Private South African investment holding company

Safika Holdings (Pty) Ltd is a private South African investment holding company. Led by Moss Ngoasheng and Saki Macozoma, the company is known for its involvement in lucrative black economic empowerment deals and for its close relationship and reciprocal shareholdings with Standard Bank. It holds international investments in a variety of sectors, including mining and financial services.

Based in Johannesburg, Safika Holdings was founded in 1995 by Ngoasheng and Vuli Cuba. Macozoma joined the company in 2001 and became an equal participant in 2003.

== History ==
Safika Holdings was founded in 1995 by Moss Ngoasheng and Vuli Cuba. Prominent anti-apartheid activist Saki Macozoma joined the company in 2001 when he purchased a 10 per cent stake in Safika. He doubled his stake in 2003, becoming an equal participant – with Cuba and Ngoasheng – in the consortium that held a controlling 60 per cent of the company. During its first decade, Safika acquired a reputation as a major player in black economic empowerment (BEE) deals.

In the mid-2000s, Safika established reciprocal shareholdings with Standard Bank, which identified Safika as a preferred BEE partner on the basis of its "management capabilities". In June 2003, Standard Bank and the Liberty Group sold a 25.2 per cent stake in Stanlib to a BEE consortium led by Safika. The following year, Safika and Cyril Ramaphosa's Millennium Consolidated Investments launched the Tutuwa Consortium, which in July 2004 concluded agreements to acquire an effective 10 per cent of Standard Bank and 10 per cent of Liberty Life. Safika had a 20 per cent stake in Tutuwa, and the deal was worth an estimated R4.3 billion. Finally, in 2005, the Competition Commission approved the sale to Standard Bank of a 20 per cent stake in Safika.

Upon the conclusion of the 2005 deal, Safika's shareholders were Standard Bank (20 per cent), Ngoasheng (20 per cent), Cuba (20 per cent), Macozoma (20 per cent), Marc Ber (10 per cent), Soto Ndukwana (5 per cent), and Richard Chauke (5 per cent); this shareholding structure prevailed until Cuba announced his resignation from the company in 2008. Over the next decade, Safika maintained what it called its "close working relationship" with Standard Bank.

== Holdings ==
Through its subsidiaries, Safika has interests in financial services, agriculture, transport, gaming, aerospace, property, and telecommunications. In 2011, it expanded to Australia by launching private equity firm Winsaf as a joint venture with the Australian Wingate Group.
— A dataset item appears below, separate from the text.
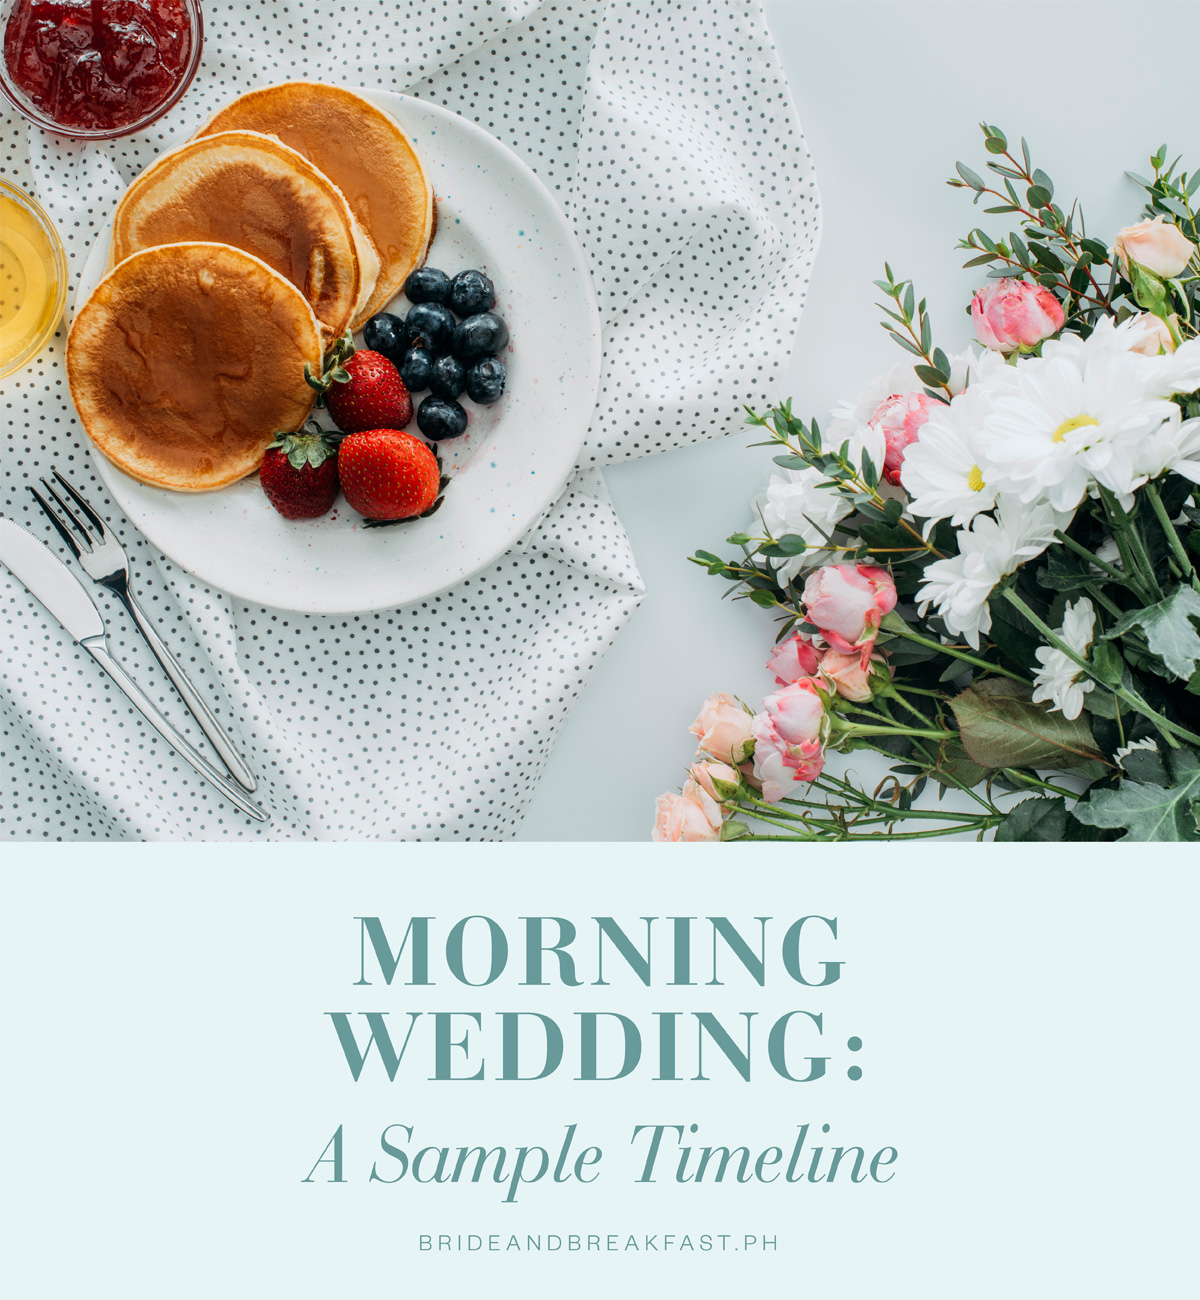 Morning Wedding: A Sample Timeline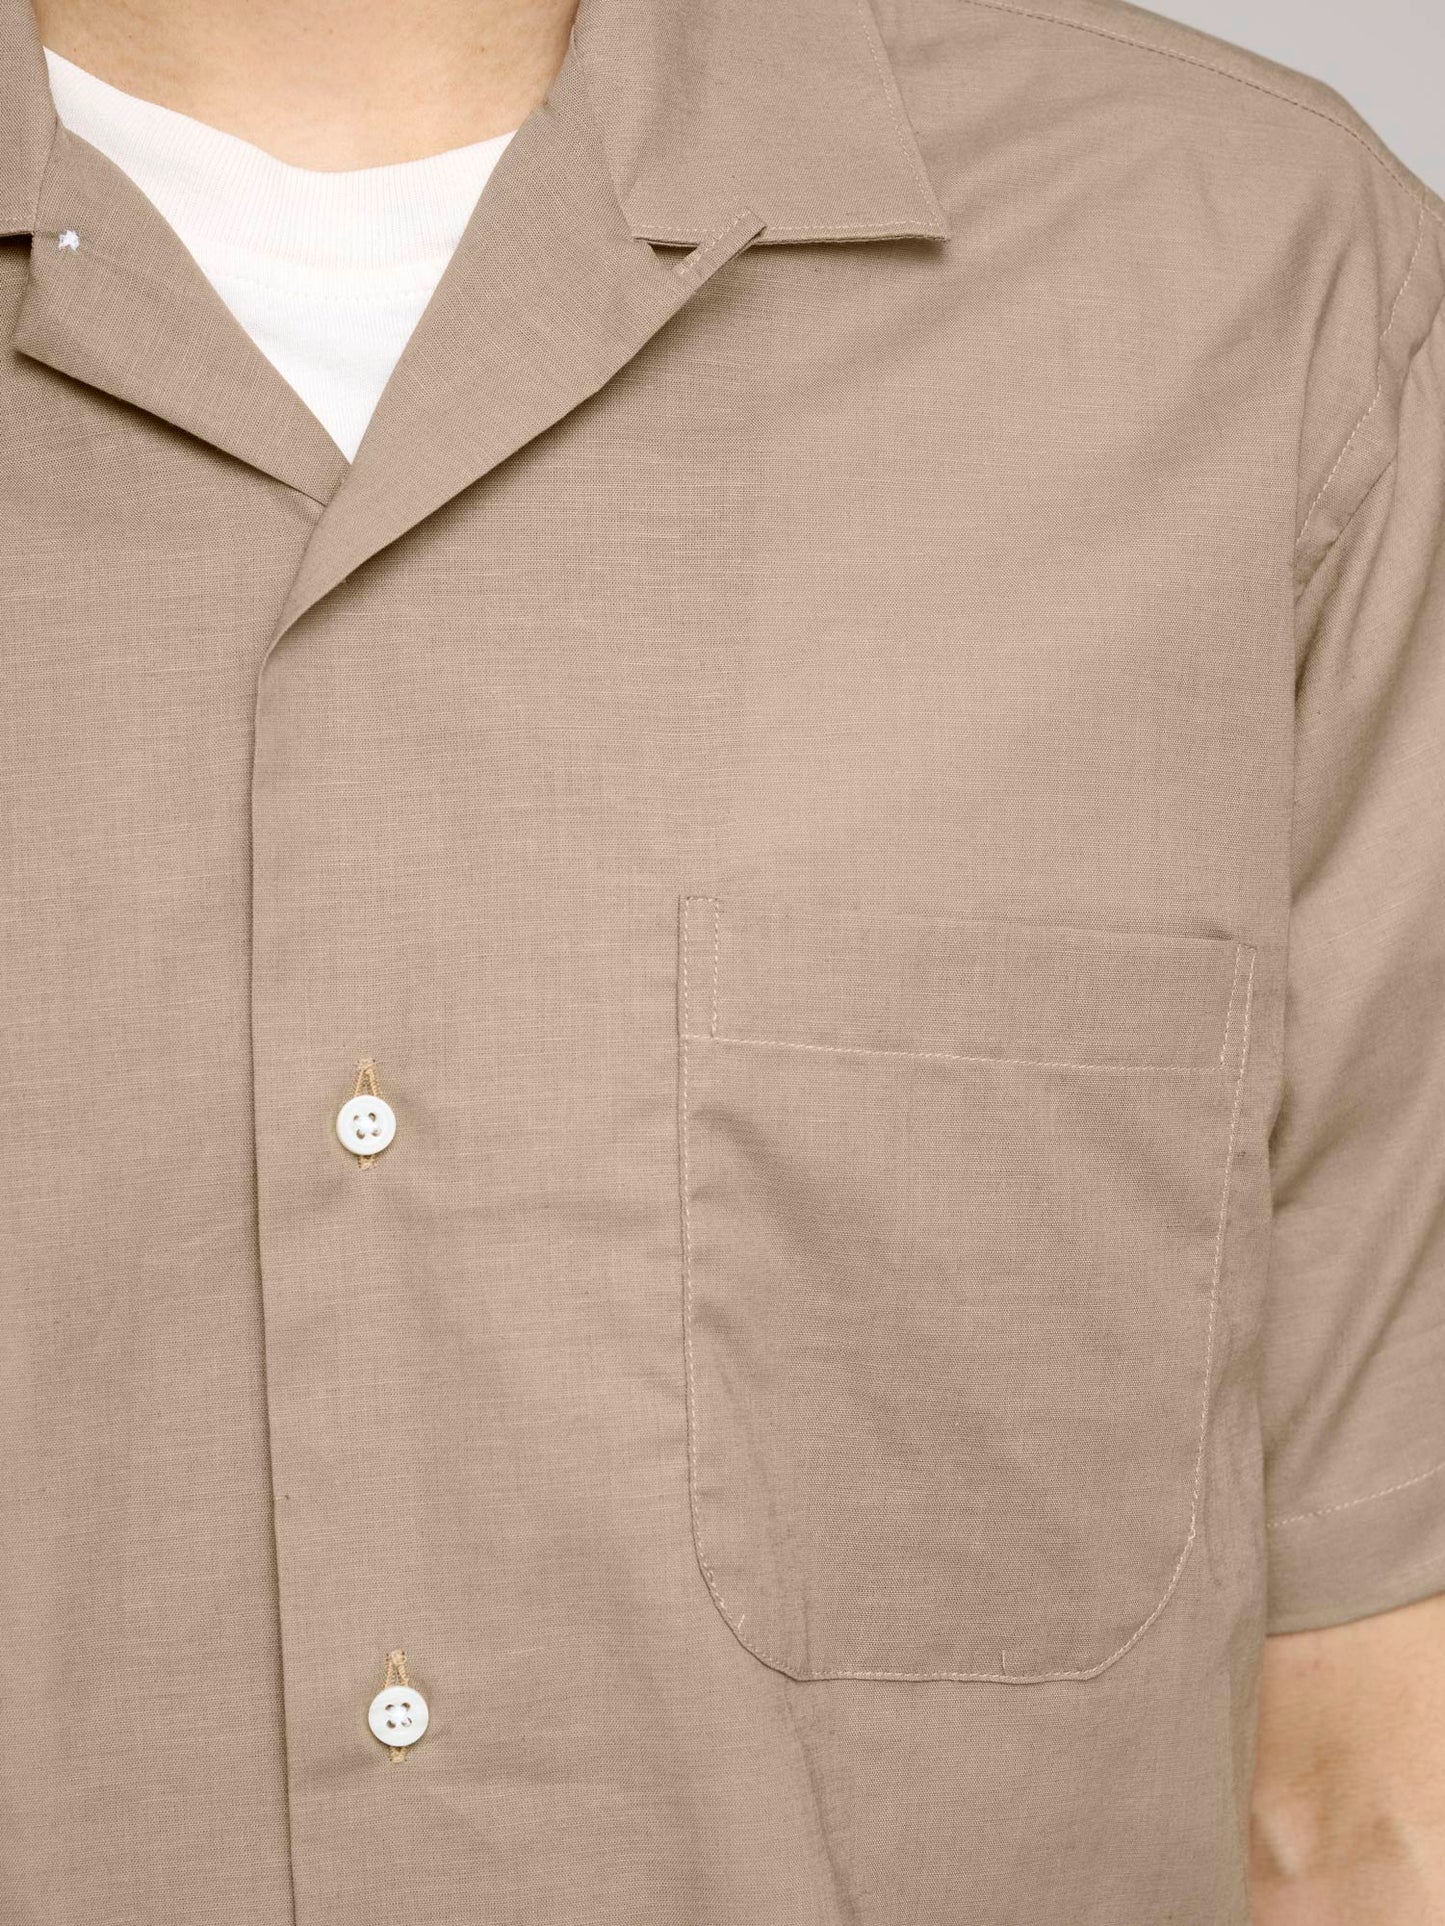 Fine Cotton Linen Voile S/S Shirt, Pale Brown

Safika also has substantial interests in South African mining through subsidiary Safika Resources, in which it has an 85 per cent interest. Safika Resources's flagship investment is a 39 per cent stake in Ntsimbintle Mining, which in turn holds various manganese assets, notably including a 50.1 per cent of Tshipi é Ntle Manganese Mining and its lucrative Tshipi Borwa mine in the Northern Cape. In 2019, Safika Resources also acquired a substantial 44.72 per cent stake in Orion Minerals's Prieska Resources, a zinc-and-copper-oriented venture.